DATASET SECTION ▸
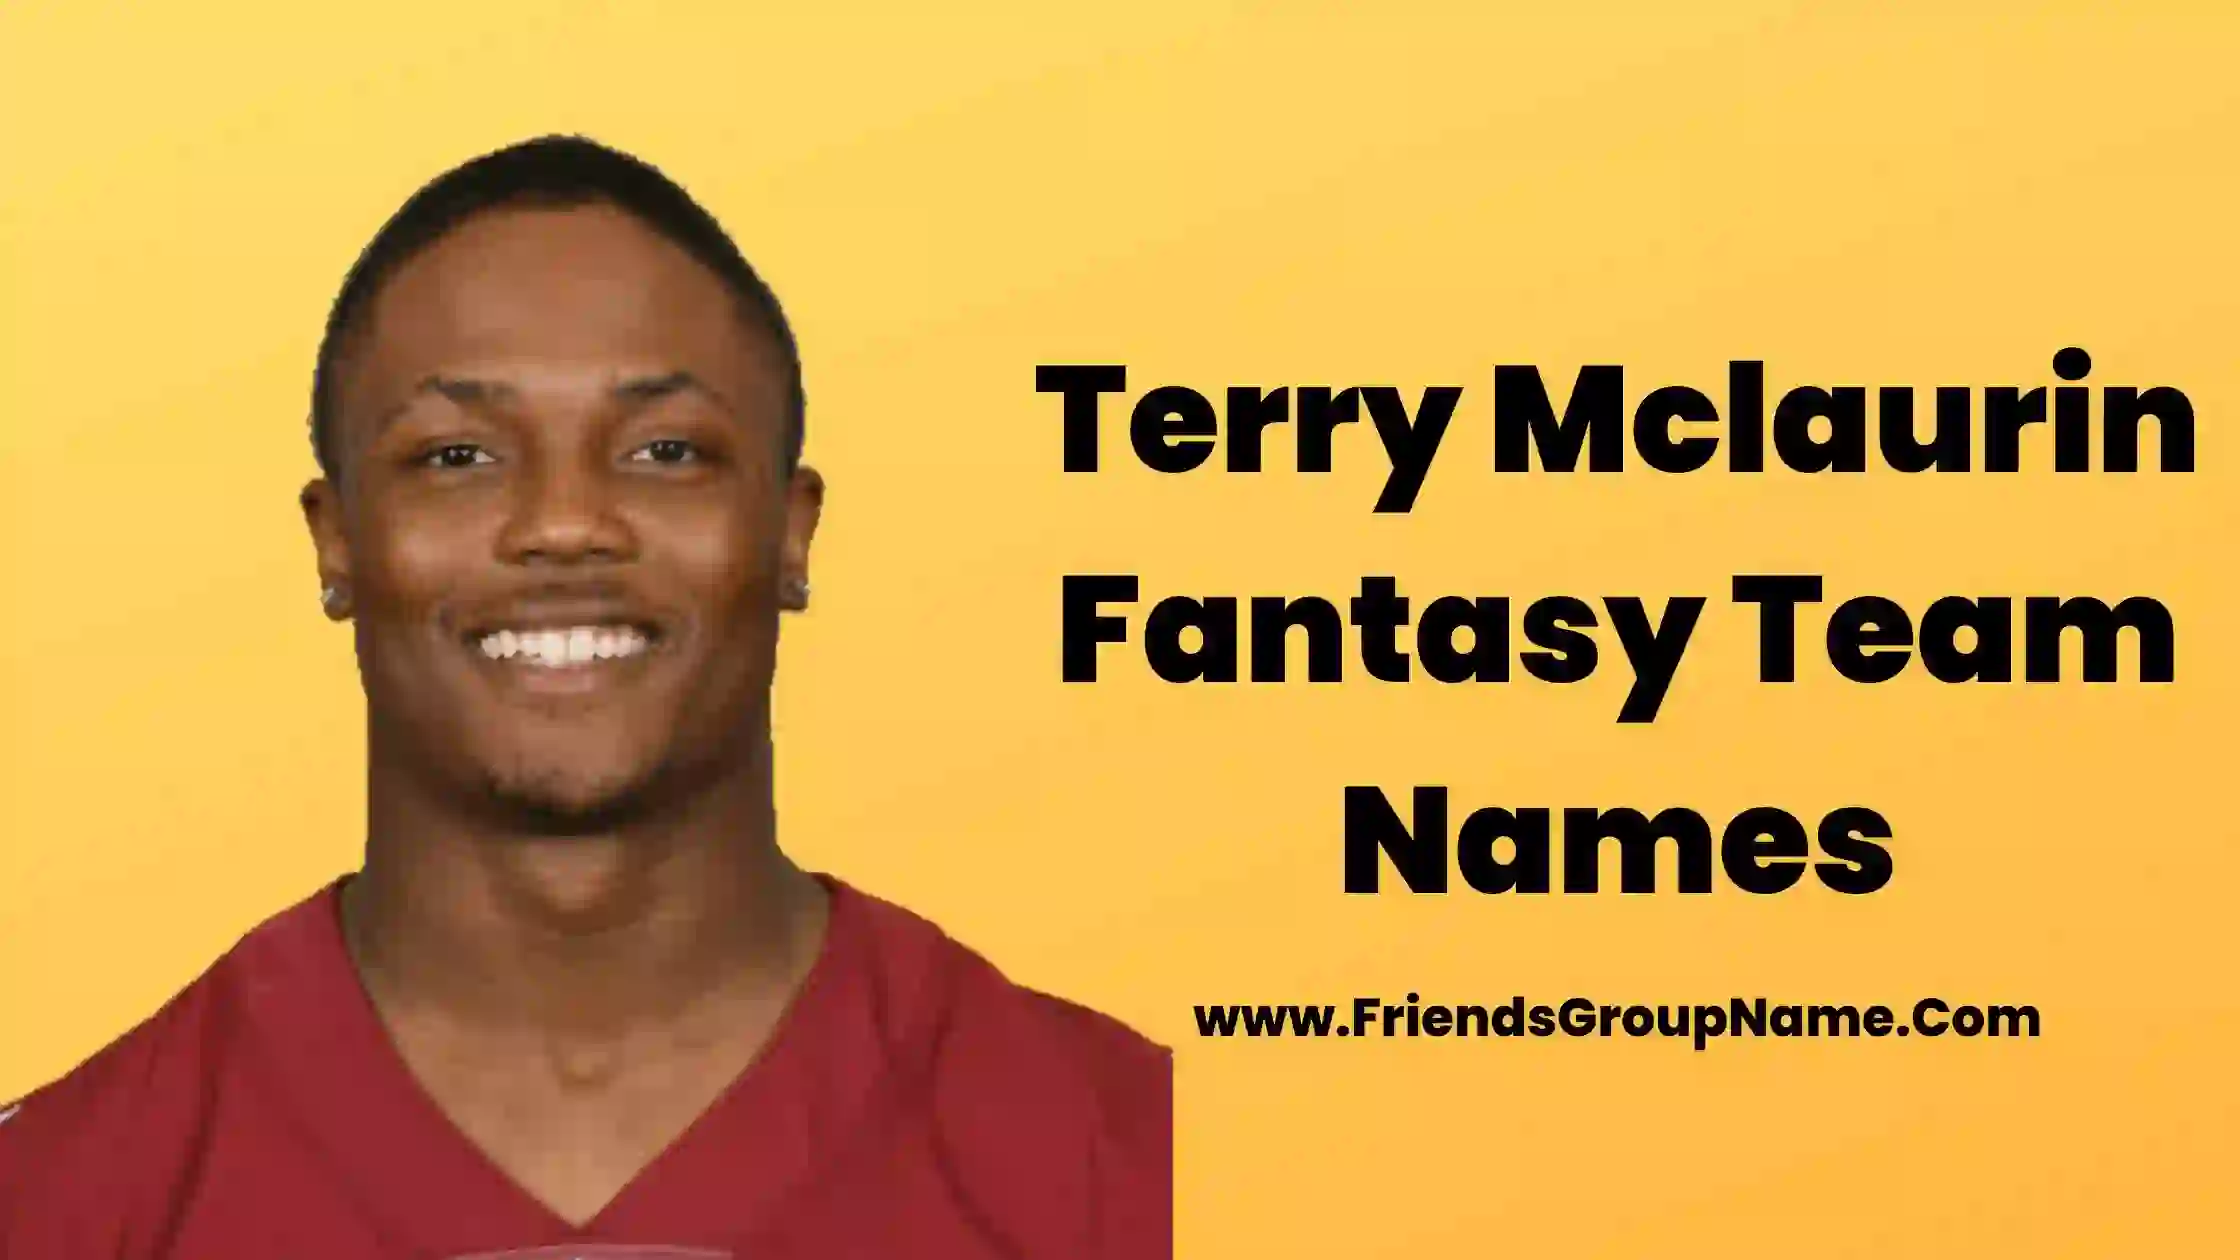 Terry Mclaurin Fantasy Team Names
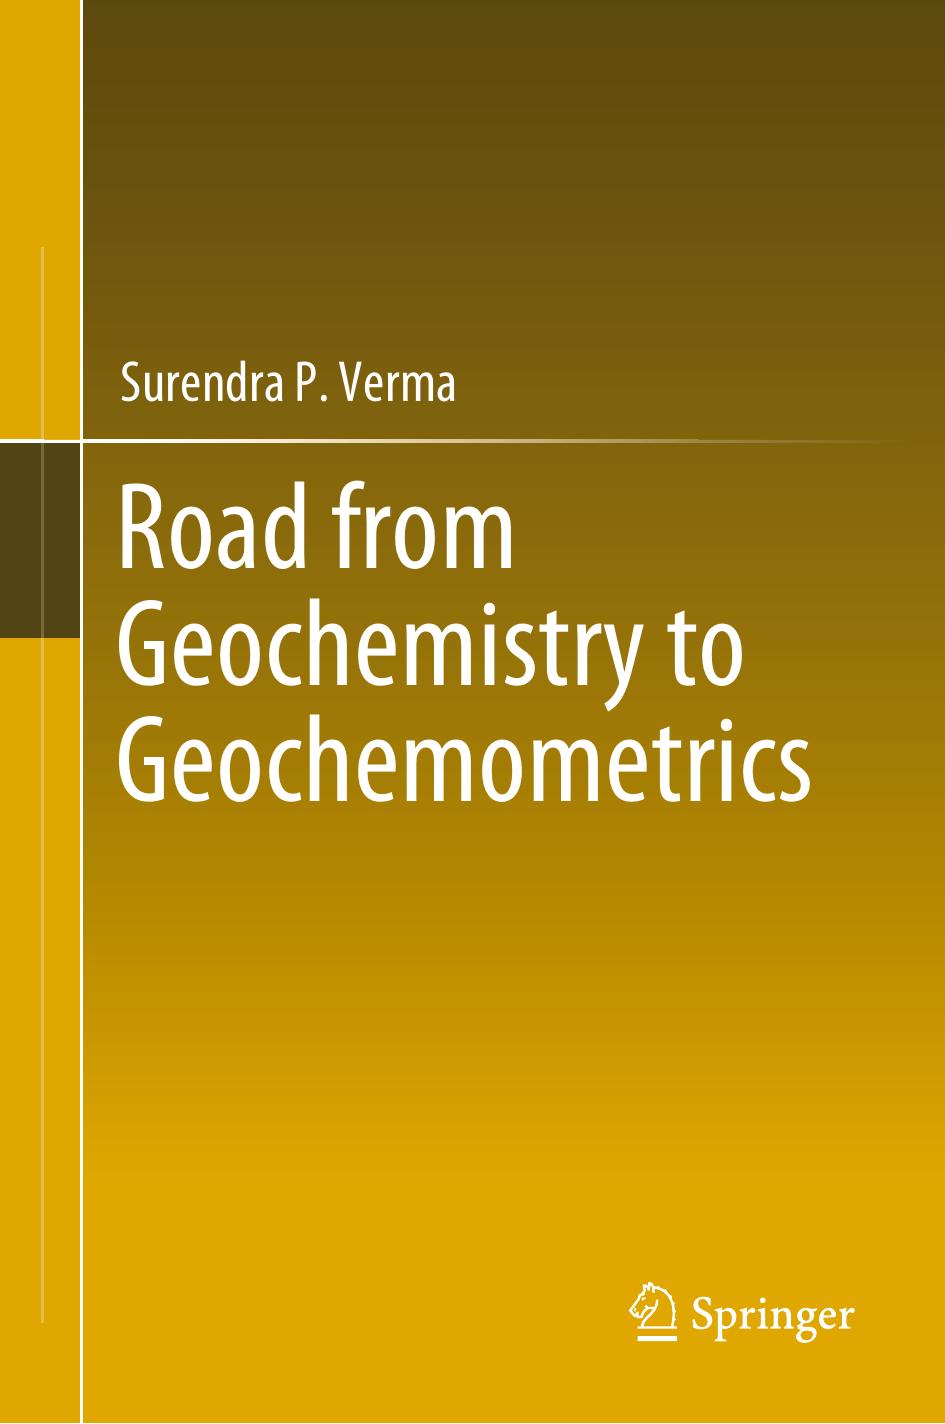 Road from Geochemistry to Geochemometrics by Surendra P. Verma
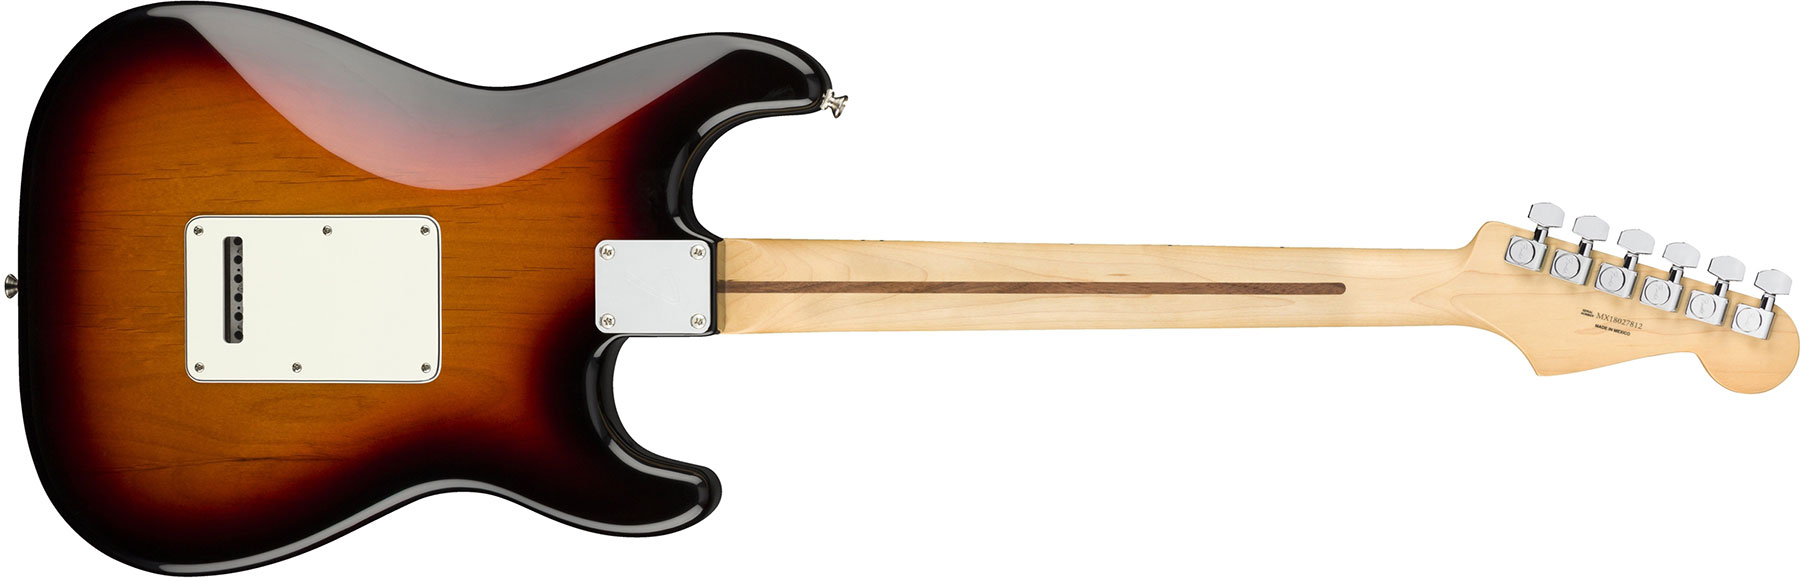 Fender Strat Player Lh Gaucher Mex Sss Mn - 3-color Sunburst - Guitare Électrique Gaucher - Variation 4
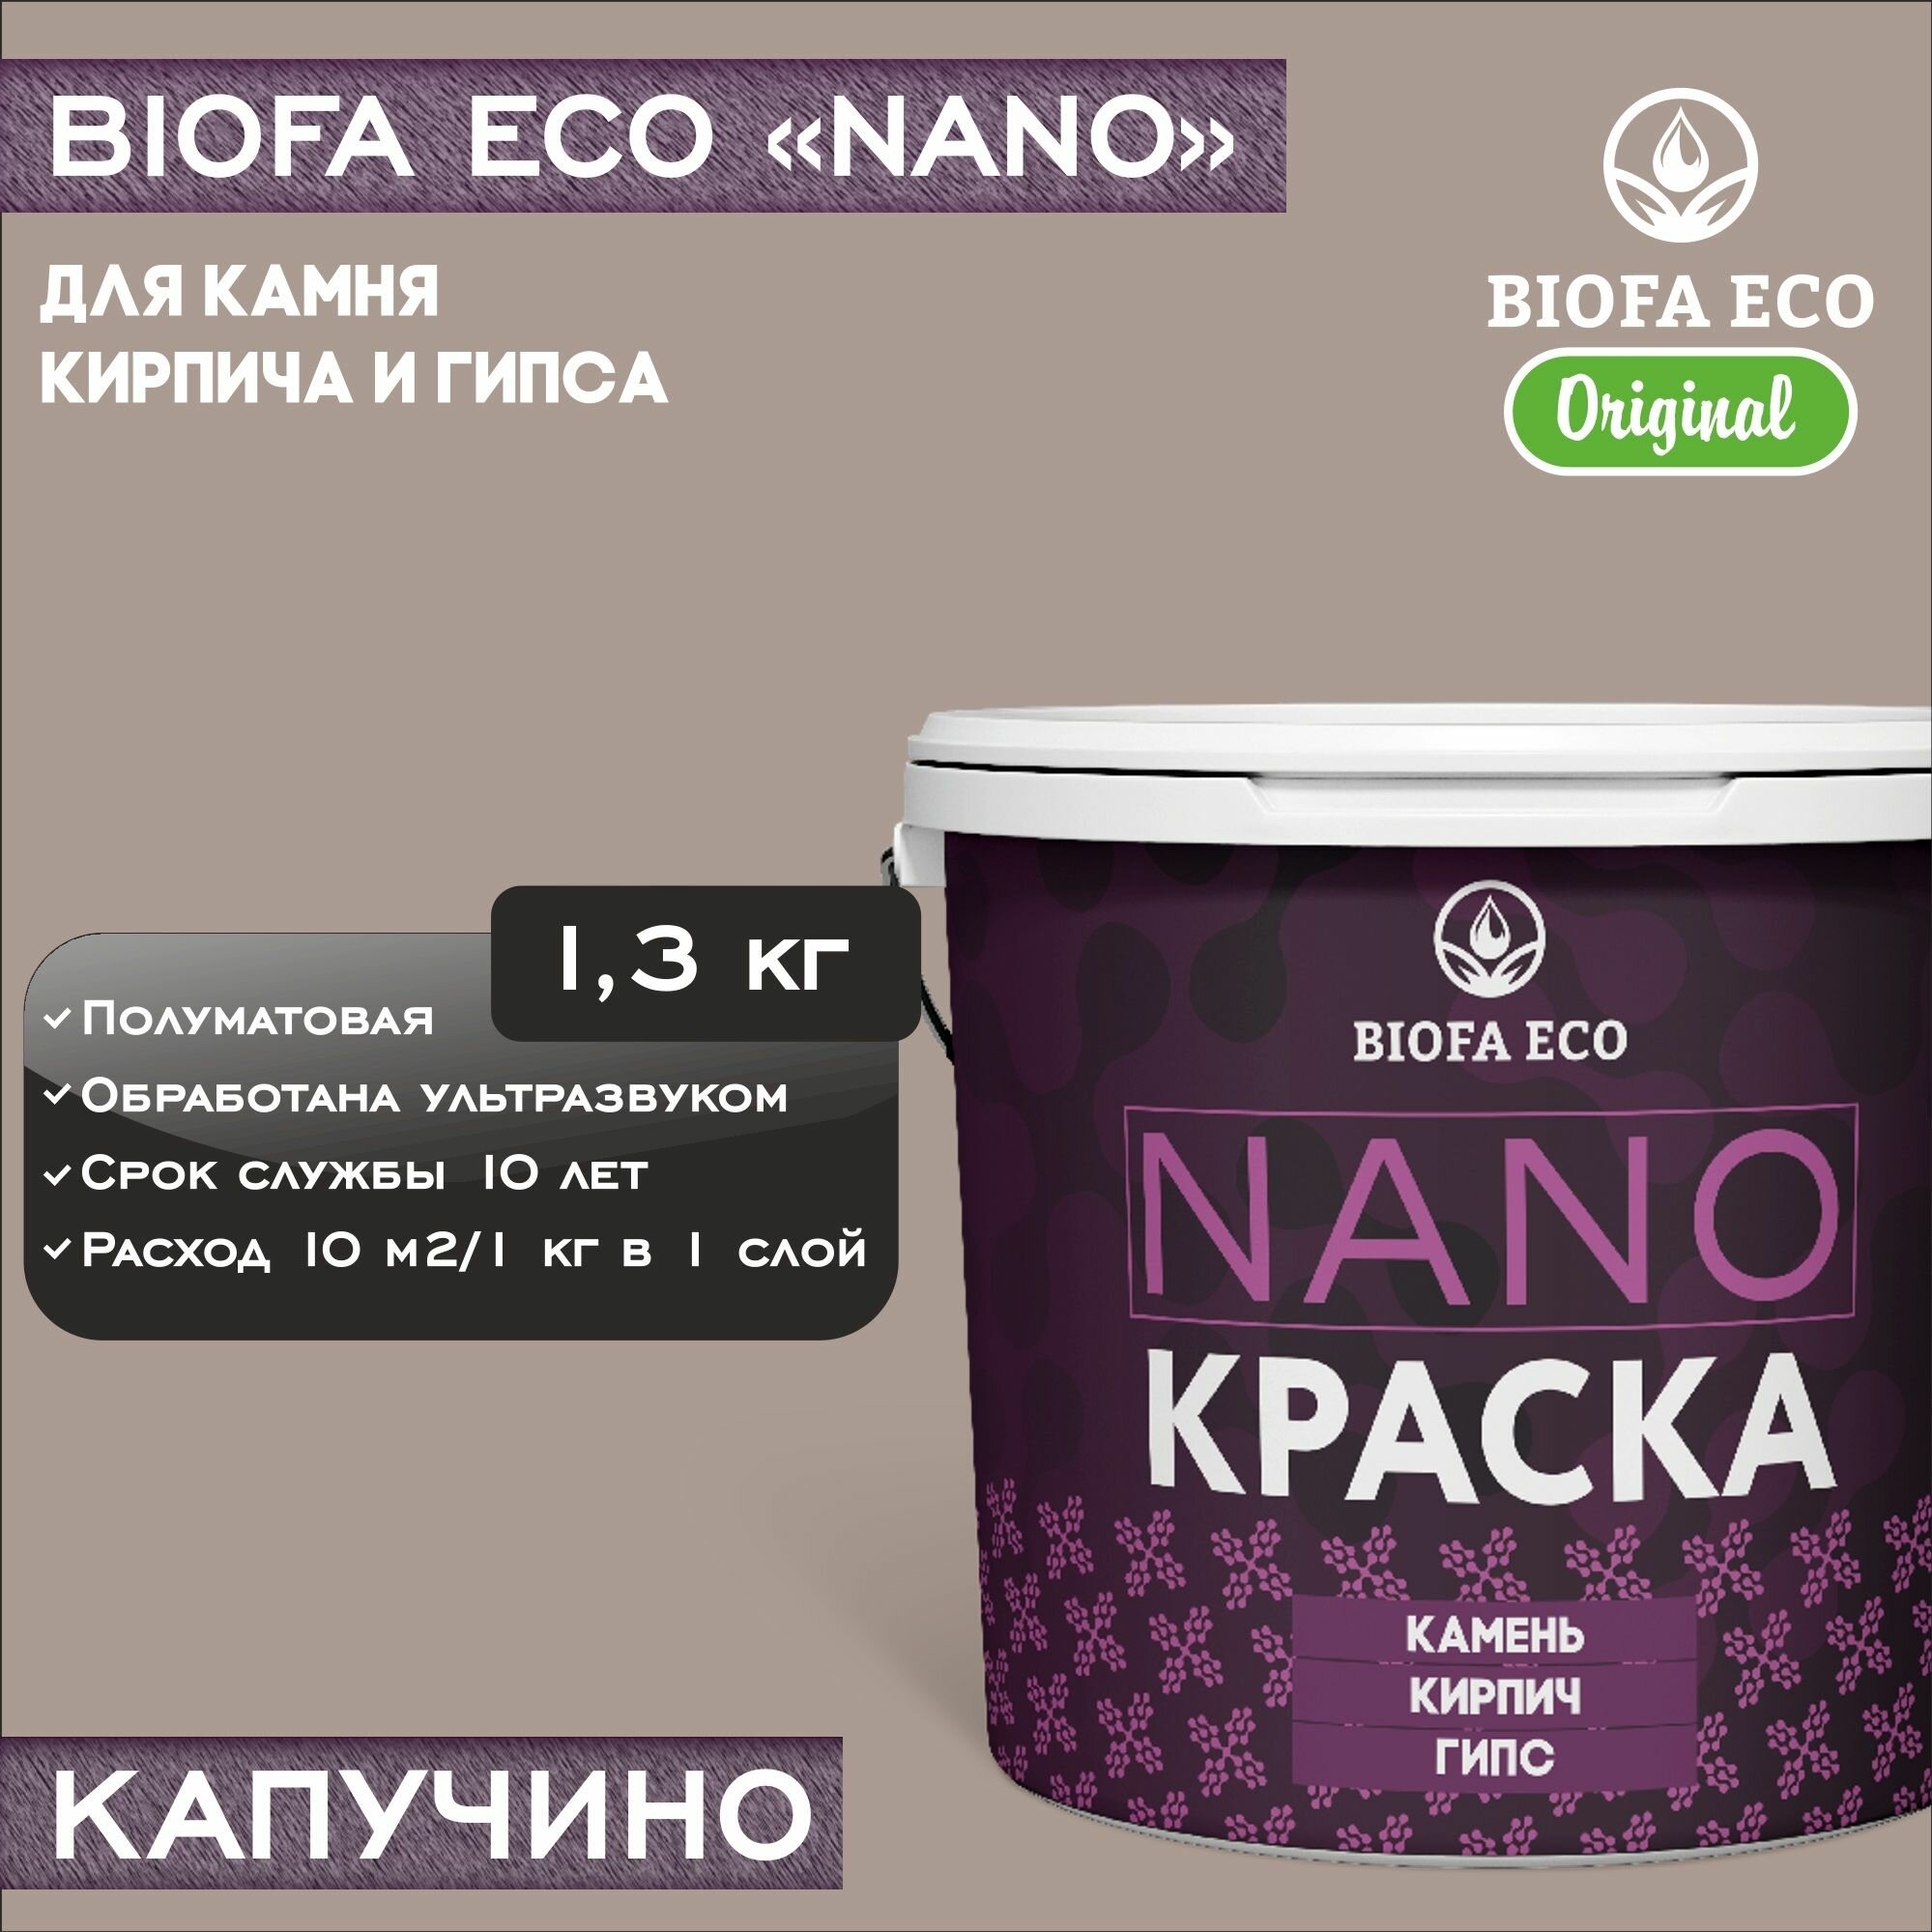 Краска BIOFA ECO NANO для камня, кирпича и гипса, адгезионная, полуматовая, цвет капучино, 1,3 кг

WHAT YOU HAVE TO DO ▸ An exact, picture-free copy of the listing above is the goal; write it out now.

RESPONSE TO THIS EXERCISE ▸
 Terry Mclaurin Fantasy Team Names
 Road from Geochemistry to Geochemometrics by Surendra P. Verma
 Fender Strat Player Lh Gaucher Mex Sss Mn - 3-color Sunburst - Guitare Électrique Gaucher - Variation 4
 Краска BIOFA ECO NANO для камня, кирпича и гипса, адгезионная, полуматовая, цвет капучино, 1,3 кг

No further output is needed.